TASK OBJECTIVE: The expected result is the full listing, retyped exactly, without a single picture.

DATA:

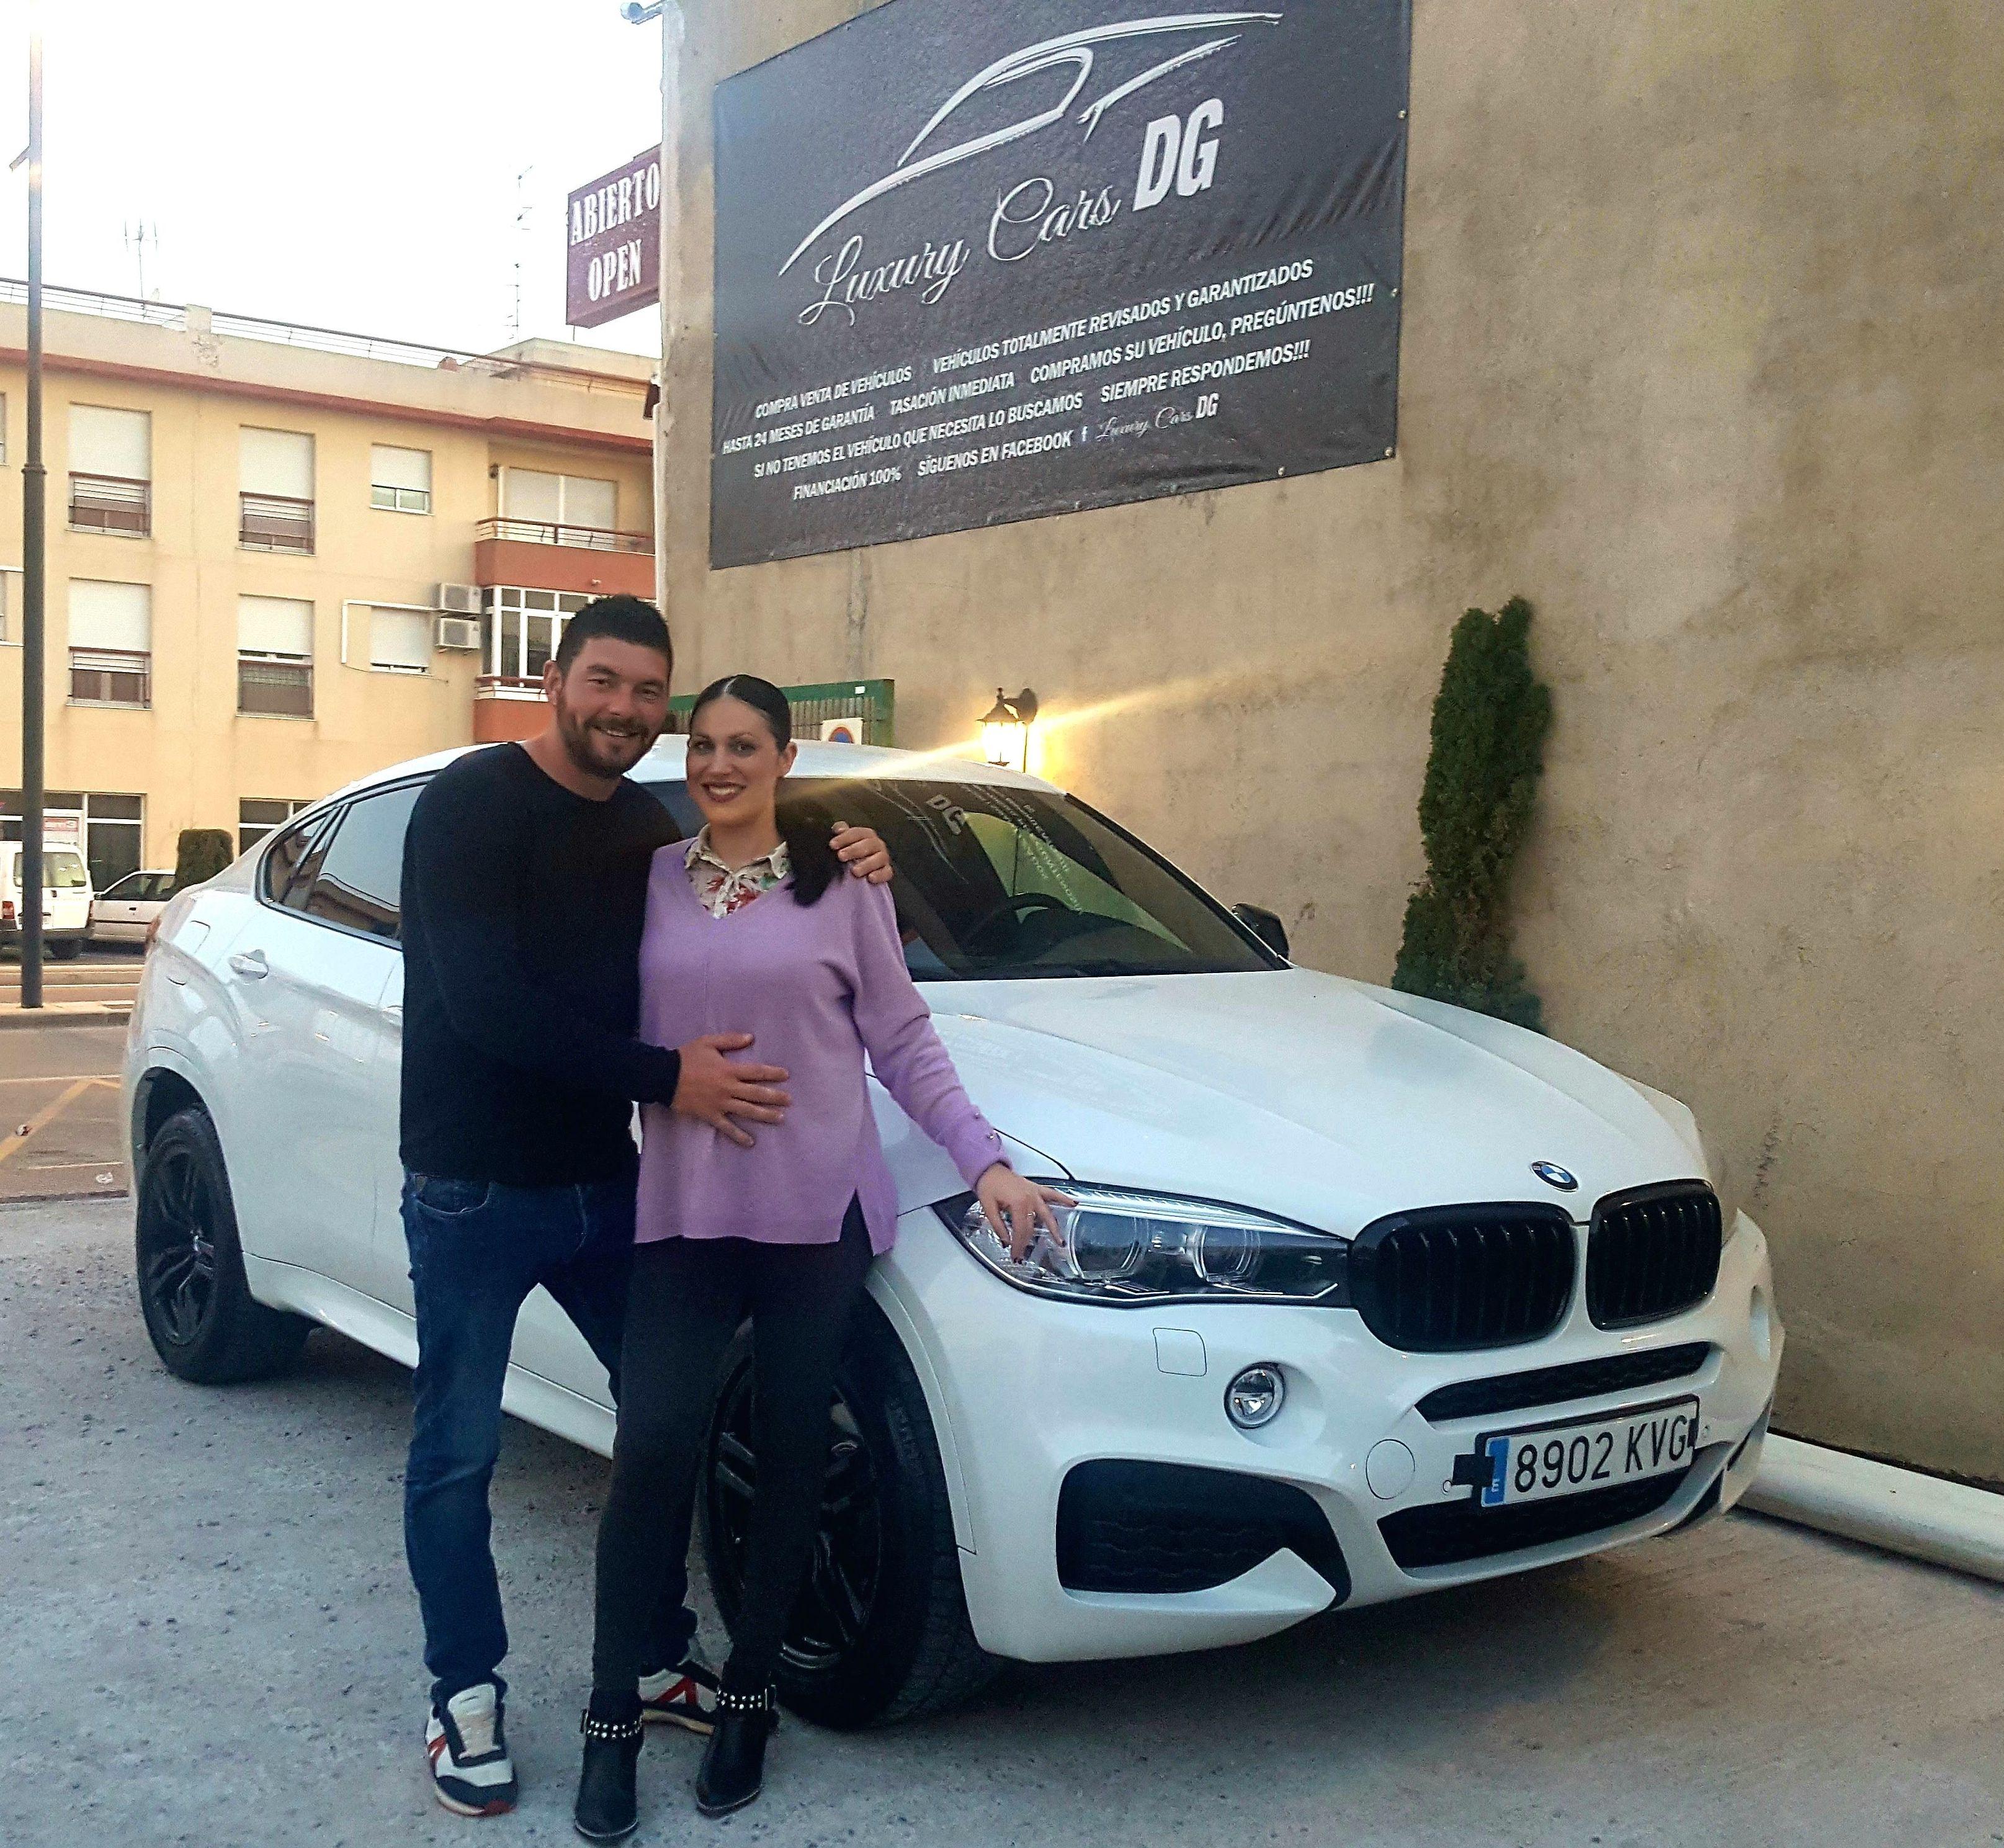 Foto 28 de Compraventa de automóviles en Vera | Luxury Cars DG
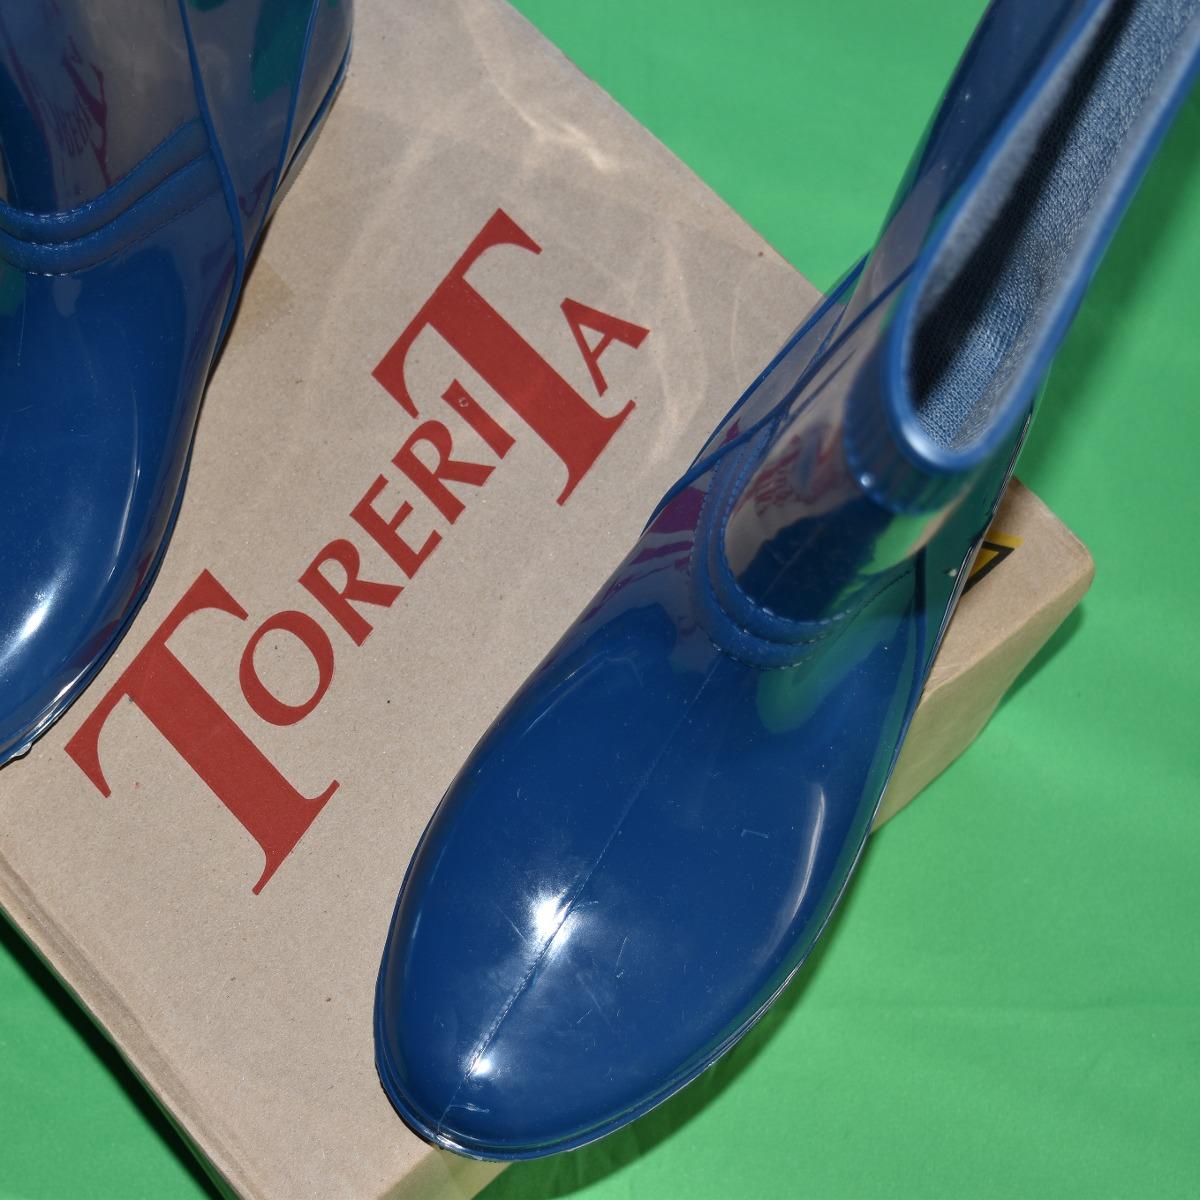 c734cdf14 Botas impermeables dama Torerita caña media goma y plástico
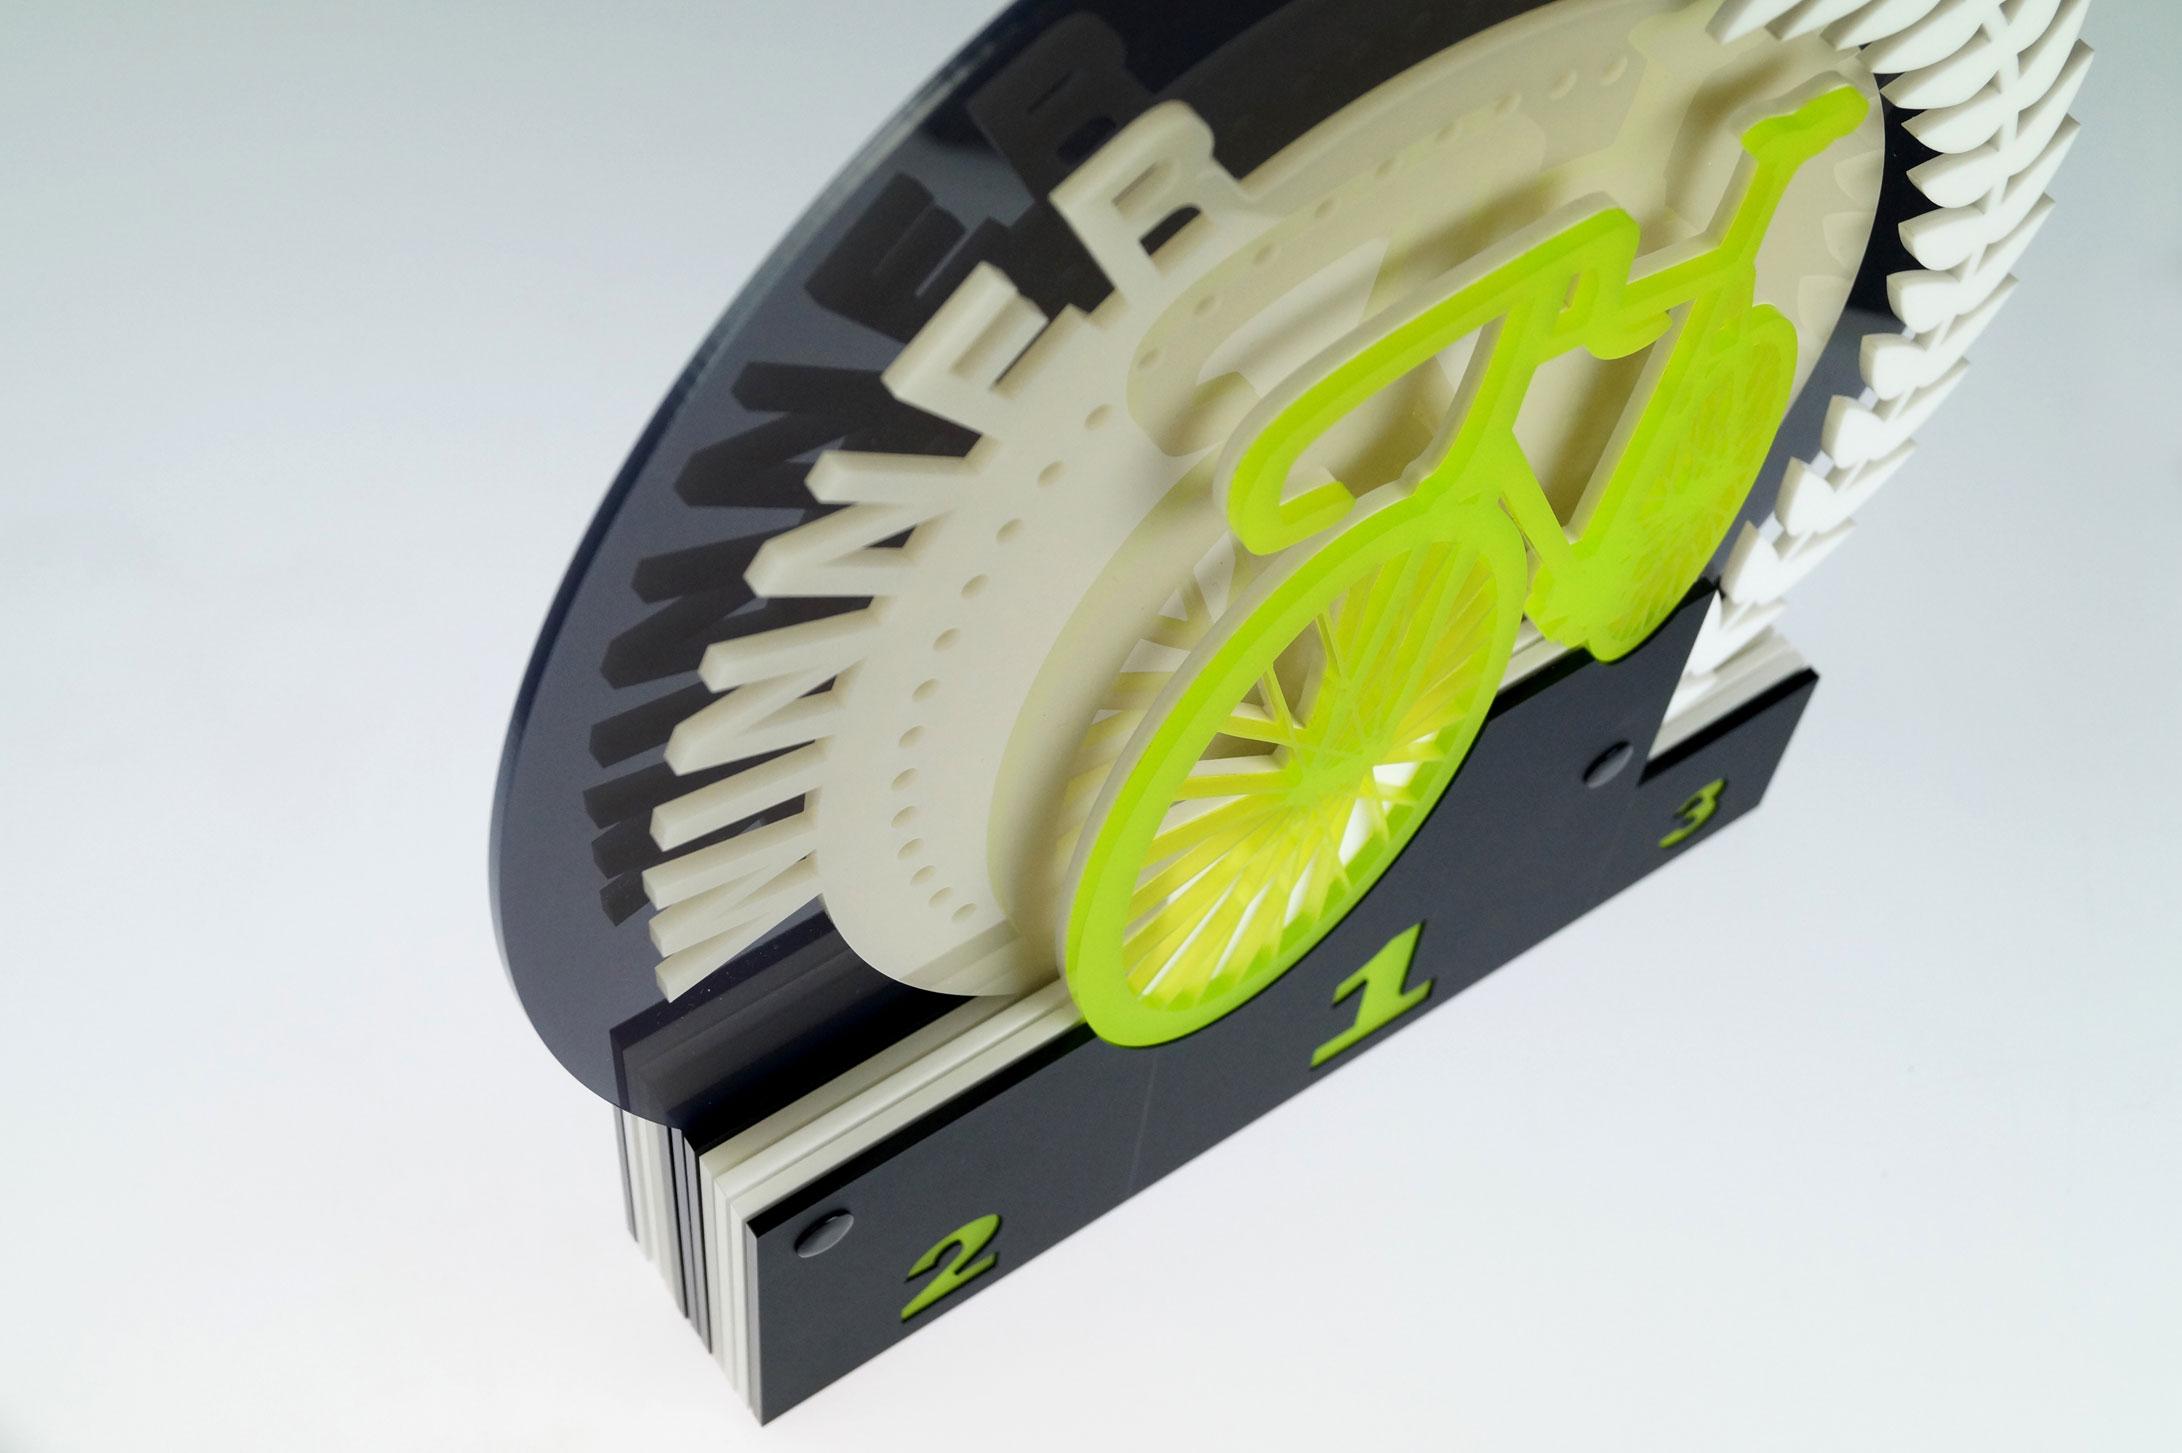 Trophäe aus Acrylglas - gemacht aus Acryl und einem Lasergerät

RESULT FOR THIS EXERCISE:
 Foto 28 de Compraventa de automóviles en Vera | Luxury Cars DG
 c734cdf14 Botas impermeables dama Torerita caña media goma y plástico
 Trophäe aus Acrylglas - gemacht aus Acryl und einem Lasergerät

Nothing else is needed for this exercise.